たとえば30歳で結婚して80歳まで生きるとしたら、丸50年間もたった一人の人間を生涯のパートナーとしなければならない。
若い頃はいろいろな人とつきあったり別れたりしていたのに、ある日突然、自由恋愛をスッパリやめて一人のパートナーと独占契約するなんて無理がある。
韓国ではちょっと前まで「姦通罪」なんていう犯罪があり、不倫をすると法的に罰せられた(さすがに2015年に廃止された)。
日本にはそんな罪はないのに、芸能人が不倫なんてしようものなら、「凶悪犯罪」でも起こしたかのごとく、寄ってたかって集団リンチする。
一夫多妻制の国なんていくらでもあるのだし、大正天皇の時代まで皇室には側室制度が公然と存在した。かつて政治家やセレブはお妾さんを何人も囲っていたものだ。
僕らだって、自分が置かれている立場や環境によって、時間を共有したい相手は変わってくる。人生のパートナーをたった一人に絞る必要なんてなく、その時々、ファジーに入れ替えればいいのだ。

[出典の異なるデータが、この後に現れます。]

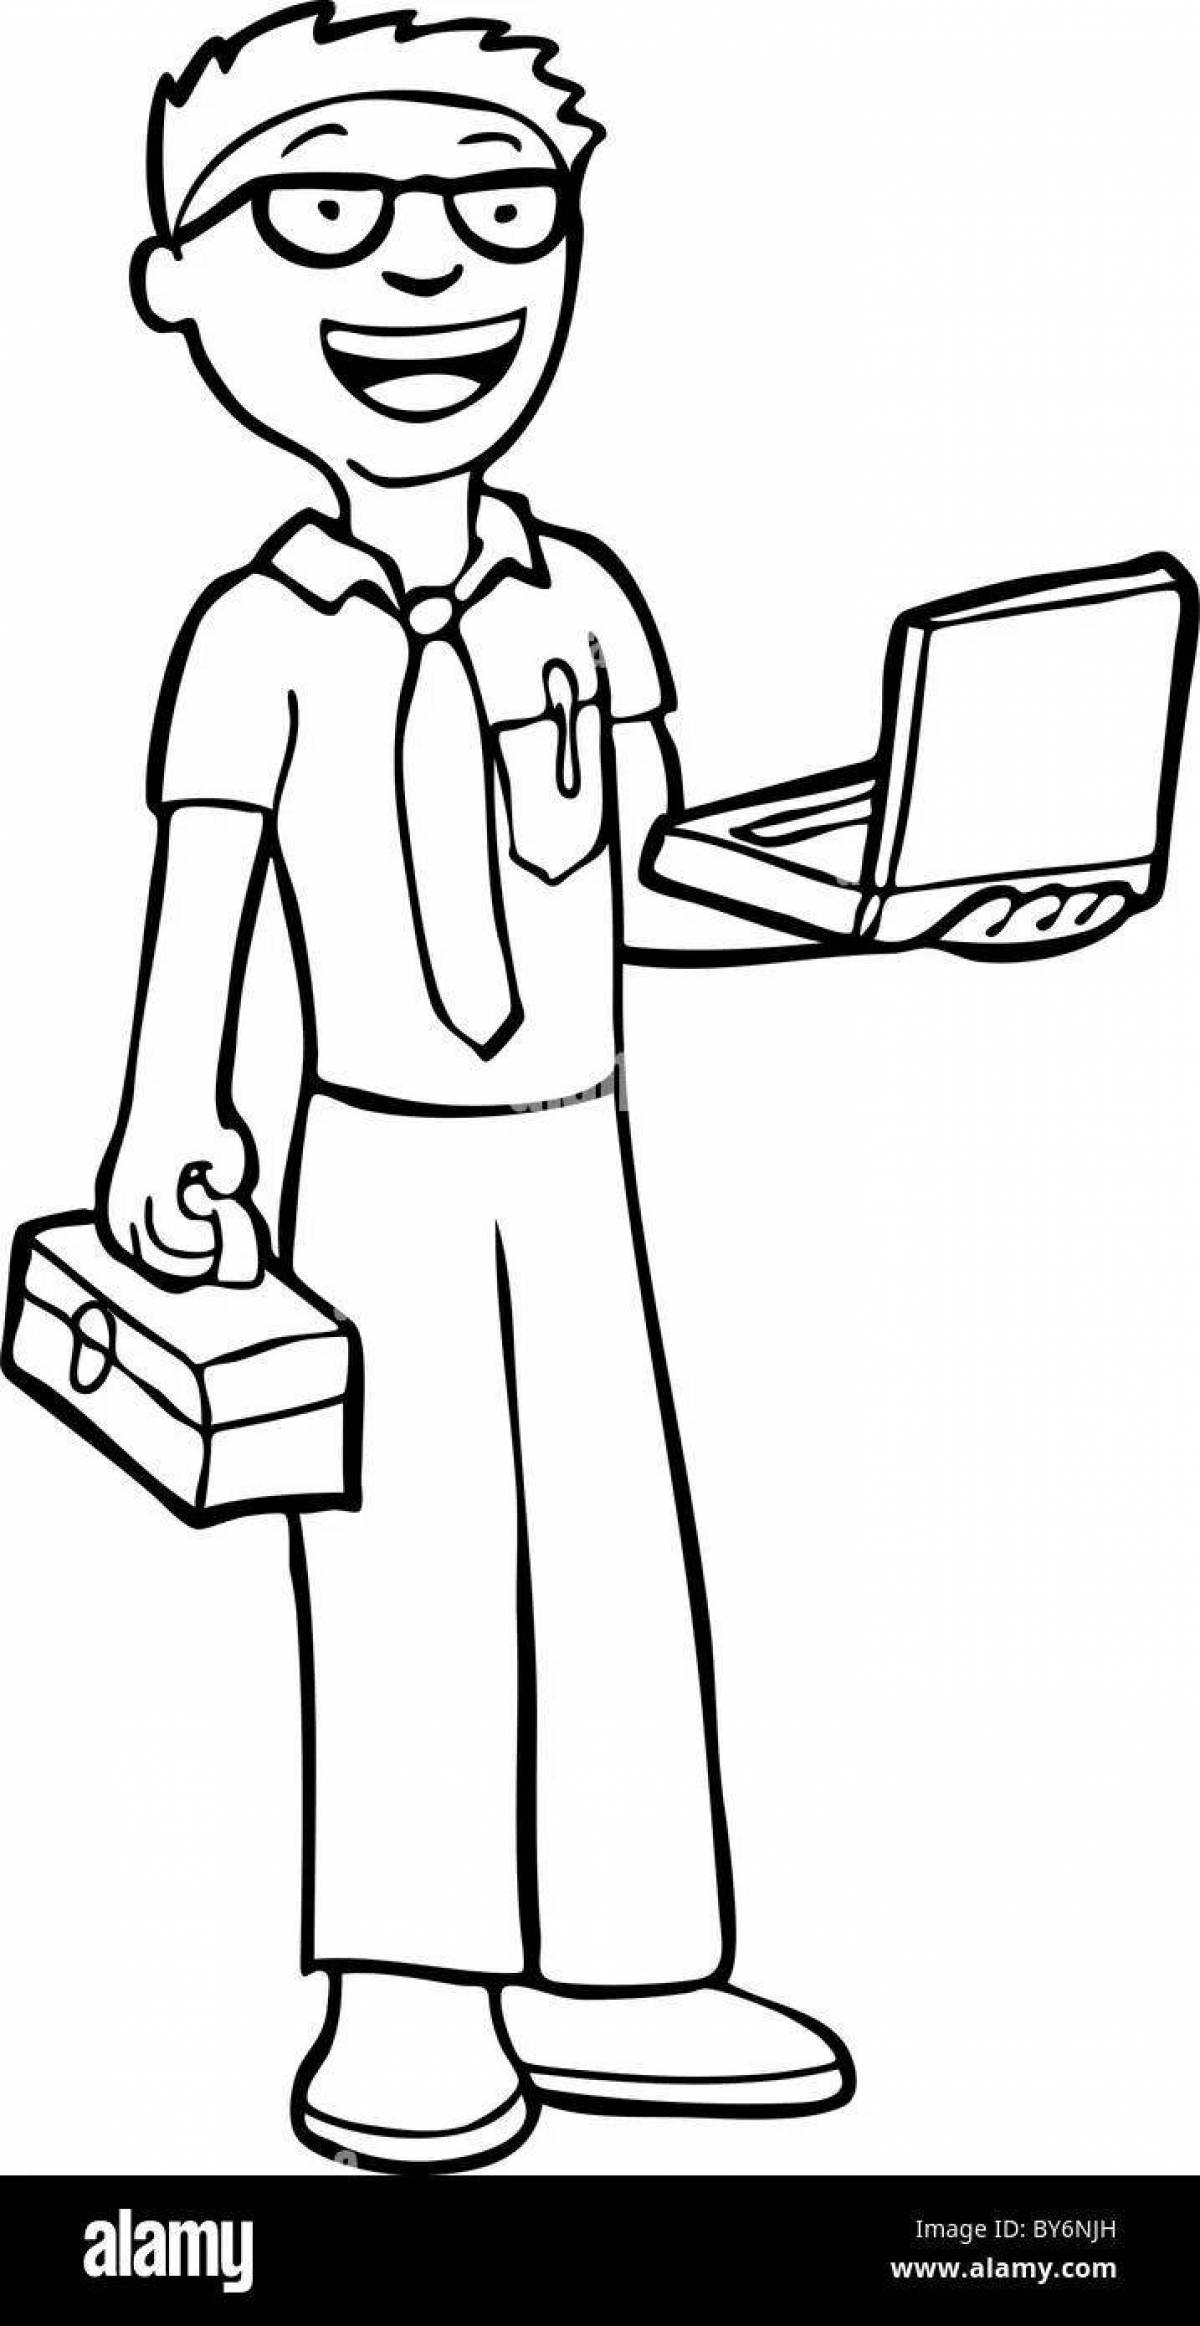 Programmer coloring page

極論を言えば、結婚は楽しい人生を邪魔する障害でしかないとすら思う。
子どもが成人するまでの20年間、かいがいしく世話を焼き、多額の養育費や教育費を引き受ける。
パートナーの実家に定期的に帰省して、神経をすり減らしながら義父母のご機嫌取りなんかをしてみせる。親が高齢化したら面倒をみなければならないし、葬式や墓の問題だってある。
こんな大変な思いをしてまで家庭をもちたいとは、まったく思わない。駄々をこねて泣き叫ぶ子どもを毎日のようにどなり散らしている親がいるが、あんな地獄絵図は願い下げだ。
僕にとっては、「友達の子ども」くらいの距離感がちょうどいい。たまに会う程度なので、思いきり優しくしてあげられる。
どうしても子どもが欲しくなったら、里親制度に登録して身寄りのない子どもを引き取るという選択肢だってある。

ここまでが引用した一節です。